= Jocelyn Hayley =

Canadian civil engineer

Jocelyn L. Hayley (also published as Jocelyn L. H. Grozic) is a Canadian civil engineer whose research focuses on the interconnections between climate change, permafrost, gas hydrates, and submarine landslides. She is a professor of civil engineering at the University of Calgary, a former department head, and a former associate dean of research in Calgary's Schulich School of Engineering.

==Education and career==
Hayley's father, Don Hayley, is a geotechnical engineer, and her mother is a biologist. She grew up near Edmonton, Alberta. Hayley received a bachelor's degree in civil engineering from the University of Alberta in 1994. Continuing her graduate studies at the University of Alberta, she completed her Ph.D. in 1999, supervised by Norbert Morgenstern and Peter Robertson.

She worked for two years in industry, and was a postdoctoral researcher at the Norwegian Geotechnical Institute, working there with Suzanne Lacasse, before taking her present position at the University of Calgary in 2001. She became the first woman to become a faculty member in the Department of Civil Engineering. She was associate dean of research in Calgary's Schulich School of Engineering from 2015 to 2018, and became department head in 2018.

==Recognition==
Hayley was named as a Fellow of the Engineering Institute of Canada in 2017, after a nomination from the Canadian Geotechnical Society. She is a 2024 Fellow of the Canadian Academy of Engineering.

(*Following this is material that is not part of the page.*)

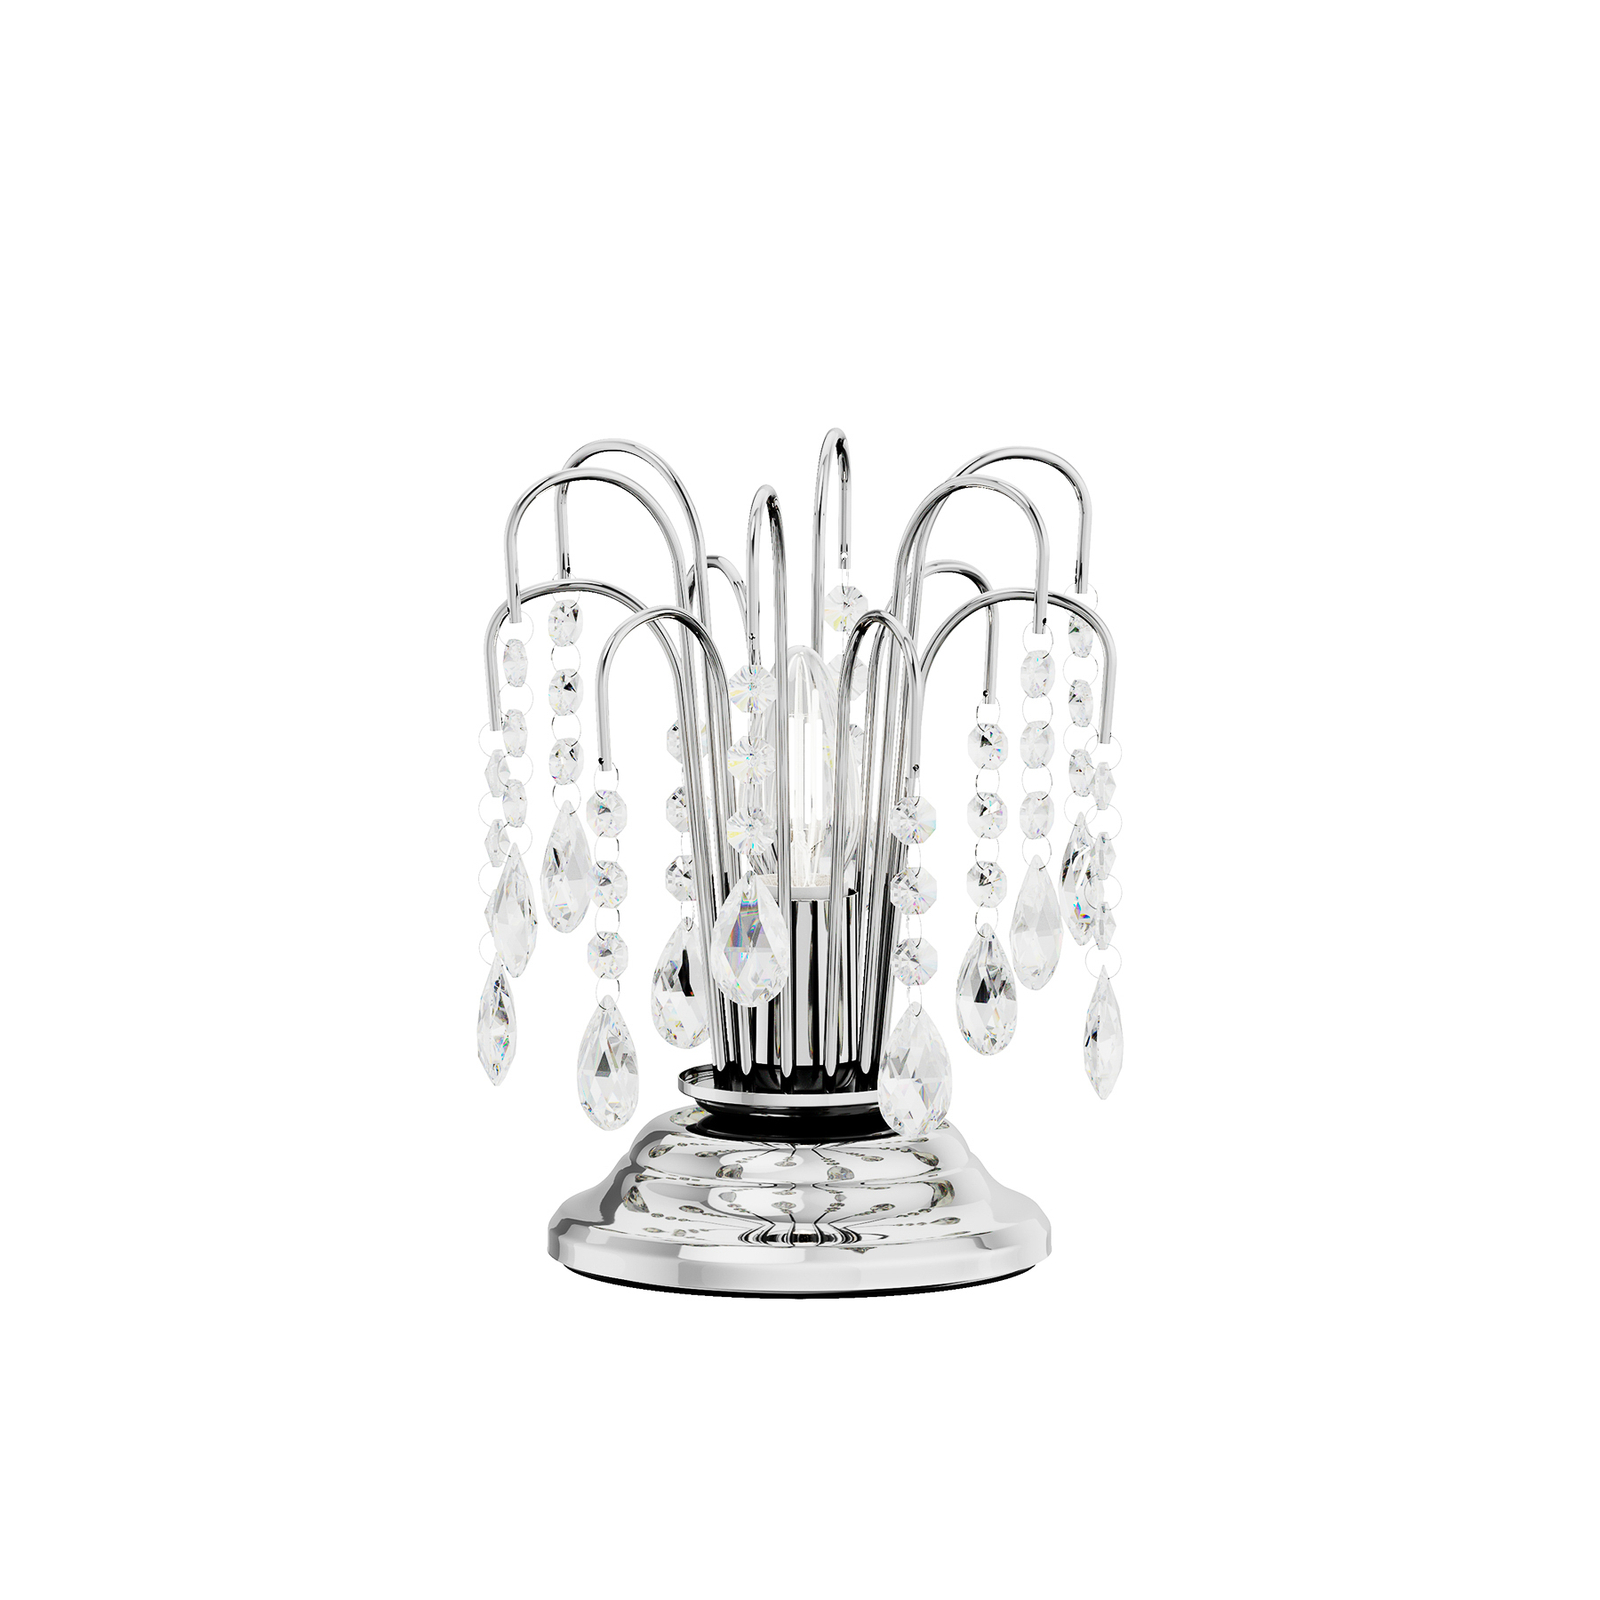 Pöytälamppu Pioggia kristallisateella, 26cm, kromi

Hayley was the 2001 recipient of the Leaders of Tomorrow award of Alberta's ASTech Foundation. The Association of Professional Engineers and Geoscientists of Alberta gave Hayley their 2004 Early Accomplishment Award and their 2017 Women in Engineering and Geoscience Champion Award. She was the 2023 recipient of the Canadian Pacific Railway Engineering Medal of the Engineering Institute of Canada.

She gave the R. M. Hardy Keynote Address at GeoCalgary 2022, the first woman keynote speaker in the 75-year history of the conference, and she was the Fall 2024 Cross Canada Lecturer of the Canadian Geotechnical Society.